Личностное самоопределение, этическое мировоззрение, духовная биография, ответственность, выбор
Короткий адрес: https://sciup.org/14737737
IDR: 14737737
Текст научной статьи Персонология И. А. Гончарова: проблема самоидентификации личности в первой части романа «Обломов»
Первая часть романа И. А. Гончарова «Обломов» функционально осуществляет введение в его этико-философскую проблематику и психологическое пространство. В одиннадцати главах первой части, не говоря уже о широко прокомментированном в науке относительно самостоятельном фрагменте «Сон Обломова» (гл. IX) (см.: [Краснощекова, 1997. С. 251–270; Отрадин, 1994. С. 72–93; Ляпушкина, 1992; Матлин, 2003; Пырков, 2003; Бёмиг, 1994] и др.), содержится, помимо наброска духовной биографии главного действующего лица, персонологическая программа всего романа. Уточним: в литературоведении персонология – это философия человека, сложившаяся в творческом сознании какого-либо писателя, осуществленная в творческой деятельности как в системно-философском единстве, так и в формально-поэтической целостности.
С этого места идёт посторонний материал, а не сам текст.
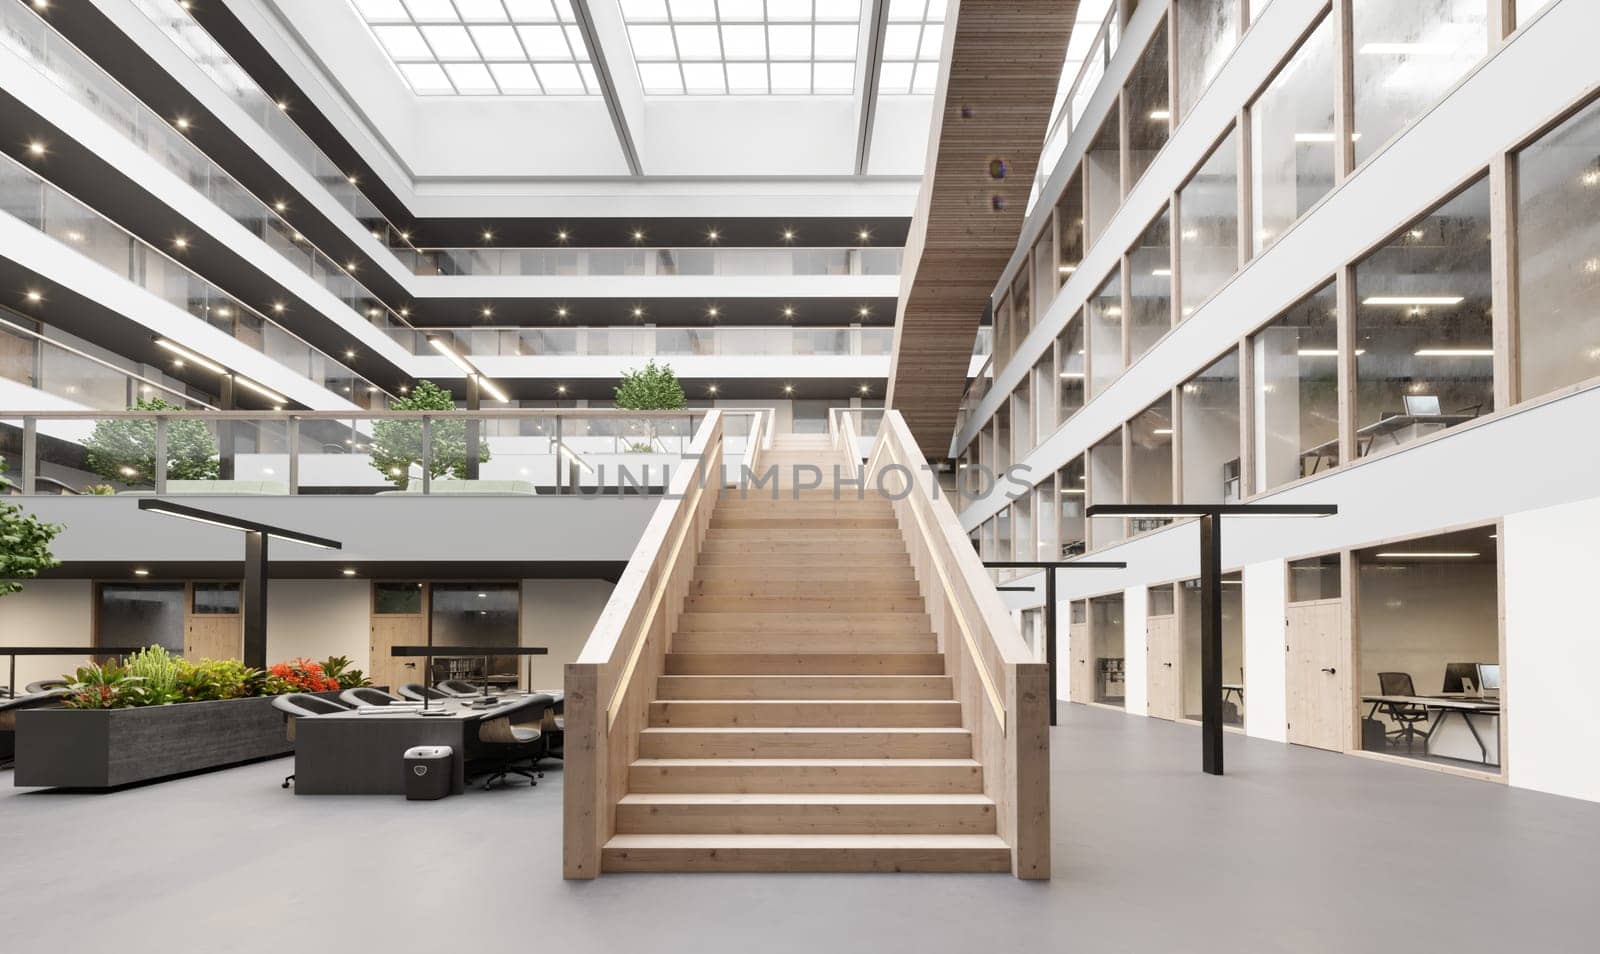 3d rendering interior of a modern office building with stairway

Редуцируя это высказывание, получим определение: «идея о человеке и дискурс человека в художественном мире произведения».
В настоящей статье мы занимаемся исследованием персонологической составляющей поэтики первой части романа «Обломов», оставляя за скобками богатейший с точки зрения гончаровской «мифологии» человека «Сон Обломова». С одной сторо- ны, это вызвано форматом научной статьи, требующим монологического исследования предмета, а с другой – подходом к персонажной композиции первой части, моделирующей бытийную и социальную тождественность человека в динамике настоящего момента романного времени.
Наиболее ценными с точки зрения пер-сонологии Гончарова в первой части романа «Обломов», на наш взгляд, являются I–VI и VIII главы. Композиционно эти главы составляют чередование сцен приема визитеров (I–IV), историю взросления и становления главного персонажа (V–VI) и идеологической монолог Обломова о « других » (VIII).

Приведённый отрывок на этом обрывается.